Equity or Capital Growth is the growth of the value of a share (or stock) of an incorporated business. Stocks allow us to divide up the value of a business so more people can invest in the business which allows greater growth. Both dividend paying shares and “common” shares can realize growth in the value of their shares over time. Common shares, rather than pay dividends, re-invest profits into the business hoping to make their business more profitable and therefore increasing the value of their shares at a faster rate than dividend paying shares. There is no guarantee the share will grow in value. Since buying shares means you also take on the risk that the business does not grow, you can achieve the highest rate of return of all – along with the risk of a loss of some or all of your money. Investing in shares should only be considered after much research and with a trusted advisor. We pay the least amount of tax on the equity growth we earn than dividends or interest (if investing outside an RSP or TFSA)

What’s a Mutual Fund?

A Mutual Fund is professional management of your money. Most of us don’t have the knowledge or time to invest directly in stocks and bonds so the investment industry offers different types of “mutual funds” which are managed by professional and accredited managers who make the buy and sell decisions on individual stocks and bonds. Anyone can purchase a number of “units” of these mutual funds and have these managers use their money to invest.

What’s a Stock?

See Equity or Capital Growth in this article.

What’s a Bond?

A Bond is a promise of repayment of the original investment plus interest. You can purchase bonds from different levels of government, agencies and companies. All have different guarantees and interest payments. The higher the interest payment the greater the risk that you won’t get paid.

To make an investment you first have to open an account with an investment company. You will have to decide whether to open a Tax Free Savings Account, (TFSA), a Retirement Savings Account (RSP) or a non-registered investment account.

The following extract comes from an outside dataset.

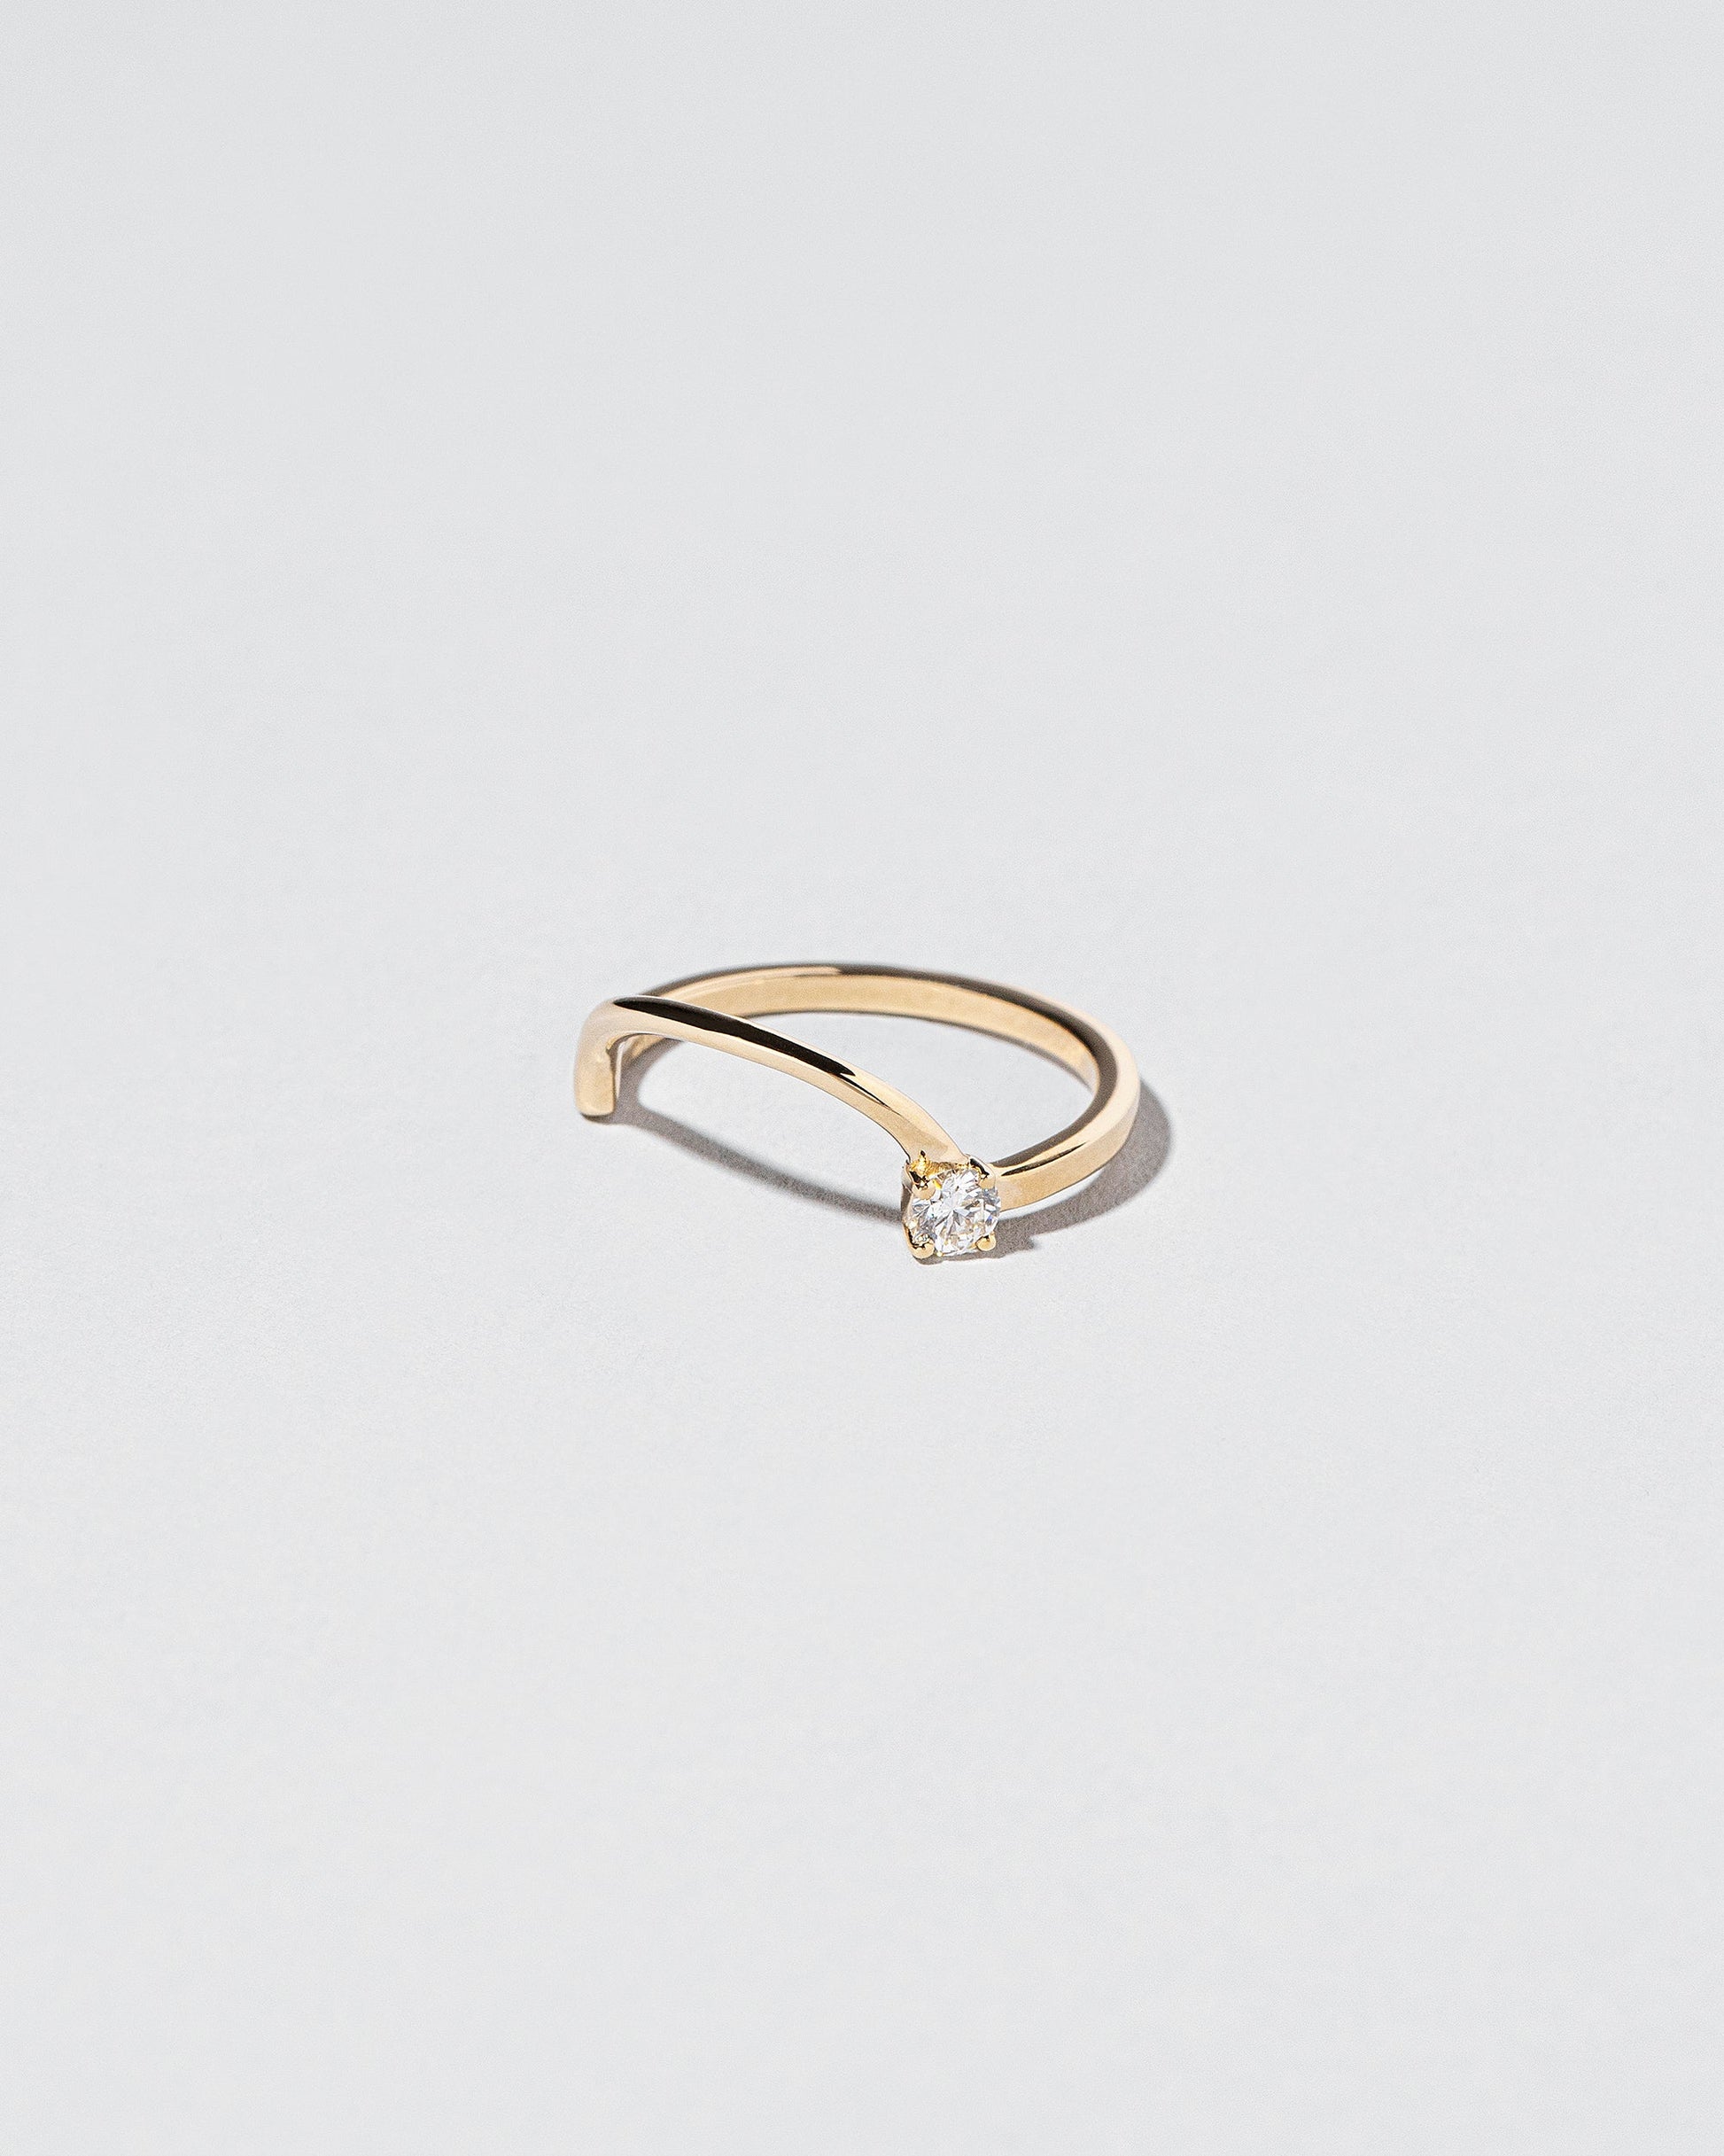 View from the side of the Yellow Gold White Diamond Half Hoop Band on light color background.

Unless you earn more than $10,382 in 2010, you won’t pay any tax so investing using a Tax Free Savings Account won’t help you. If you are in University, you get more tax breaks so you could earn up to about $14,000 and not pay any tax. A TFSA is simply an account within which you could purchase a number of different types of investments such as interest earning investments, mutual funds and stocks etc. and not have to include the interest or growth in your income and therefore not have it subject to tax. A TFSA is not designed for short term savings. You will be penalized if you contribute over your limit in any one year. The current limit for each individual 18 or over is $10,000. This will rise to $15,000 in 2011.

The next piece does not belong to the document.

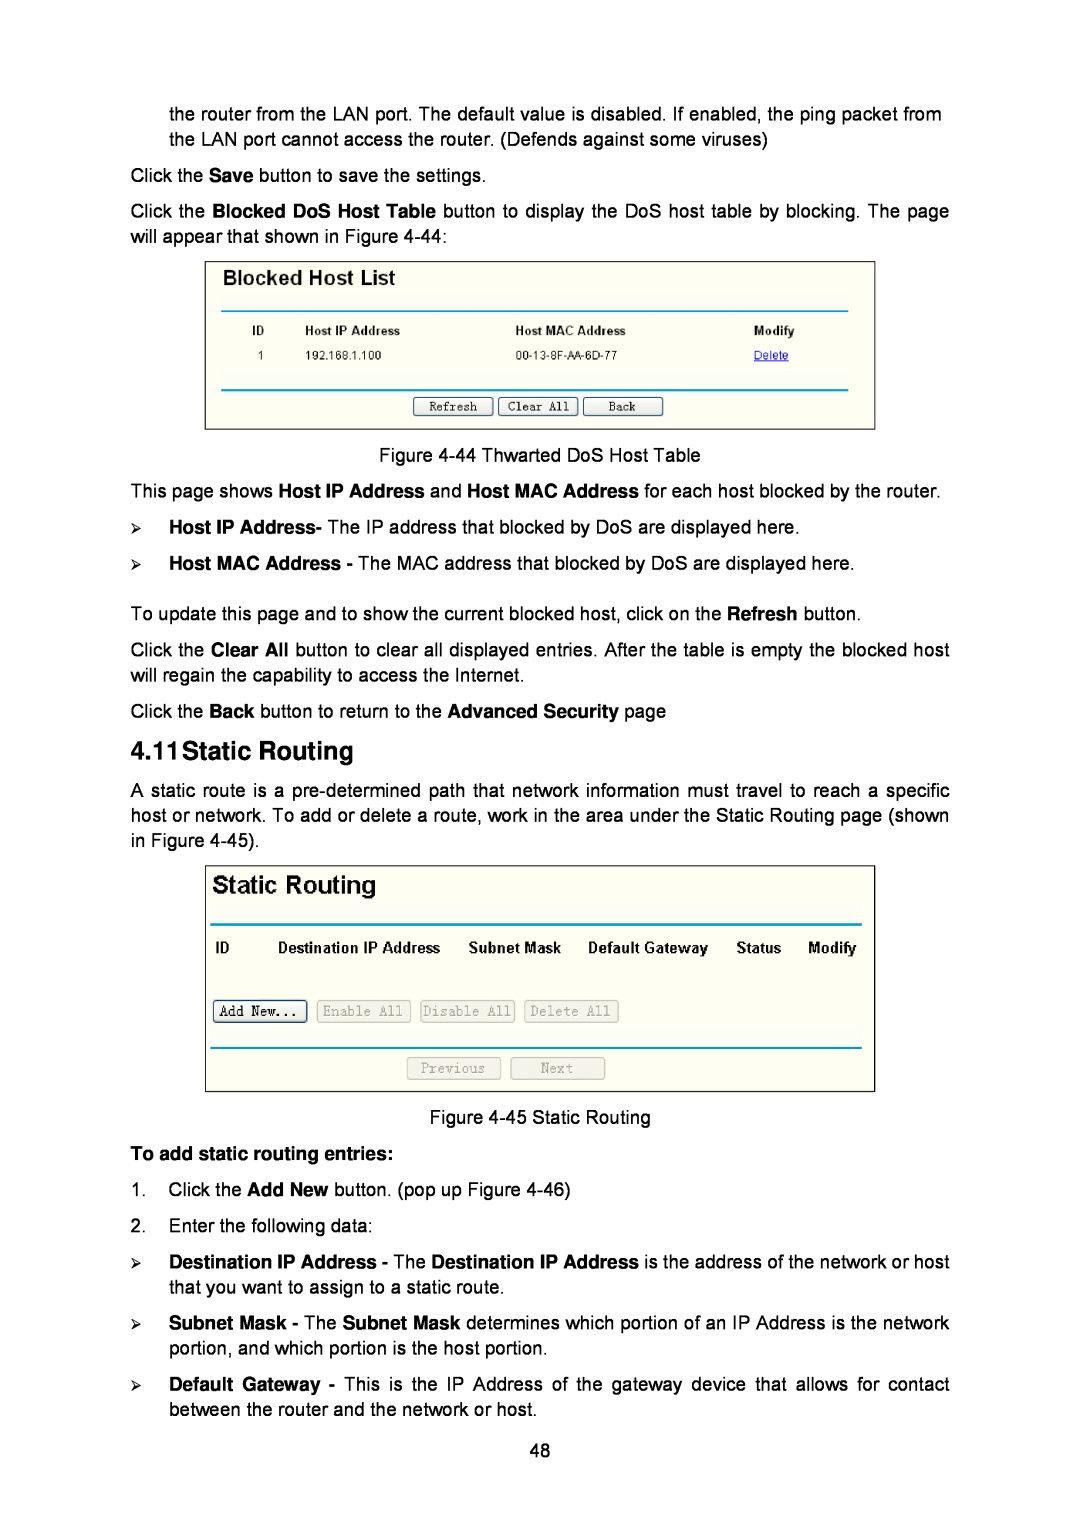 TP-Link TL-WA5110G manual 4.11Static Routing, To add static routing entries

An RSP (or RRSP for Registered RSP) is another type of account which can also hold all types of investments. The major difference with an RSP is you receive a refund of the income tax you would have paid on your contribution and if you have to withdraw you repay the full amount of tax. RSP’s are, however, a great vehicle for saving for a home (search “Home Buyers Program) RSP’s are recommended for long term investment.

The Bottom Line

1 – Create and follow a spending plan – it helps you spend your money on what’s really important to you and gives you options.

2 – Set up your bank chequing and savings accounts on-line and use them properly. Do a monthly check on how you are doing against your spending plan. This takes a little time up front but is real easy once you get rolling.

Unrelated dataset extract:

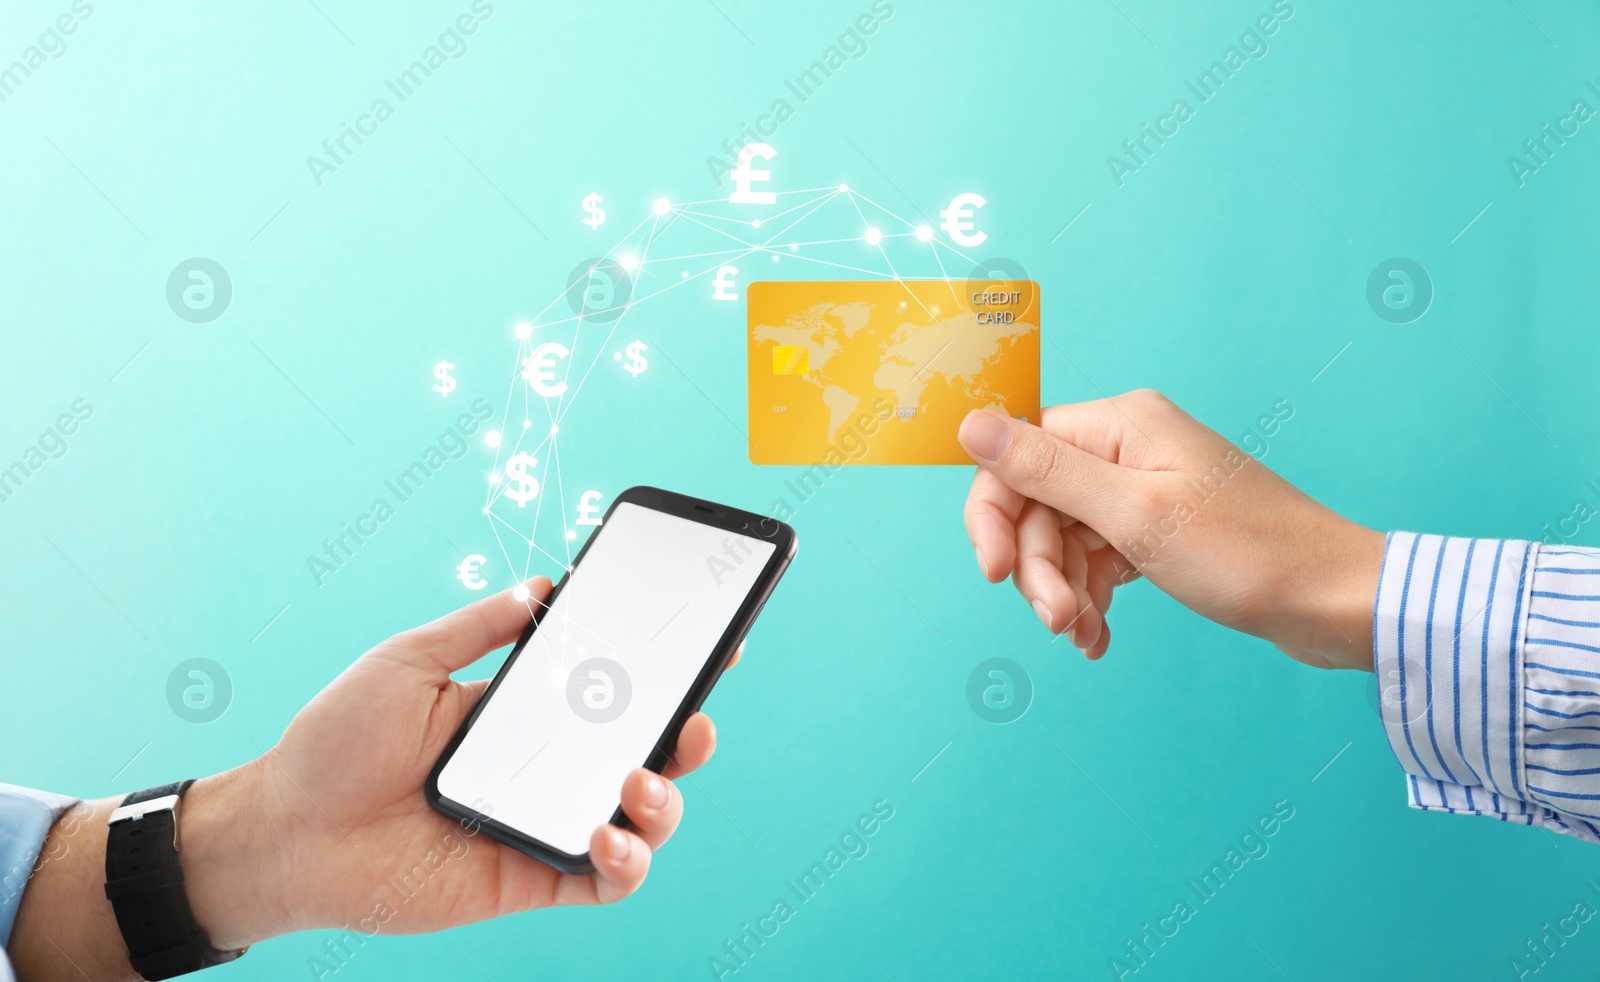 Image of Fintech concept. Man using phone to make financial transactions with credit card

3 – Make sure your savings are getting the highest interest you can earn. Search “Canadian High Interest Savings” to find out where to save.

4 – If you earn more than $10,382 ($14,000 if in university) understand the basics of income tax and how to lower the tax you pay. (RSP’s and TFSA’s) Do your own income tax.

5 – Only think about long term investing in stocks or mutual funds once you have finished school and paid your bills.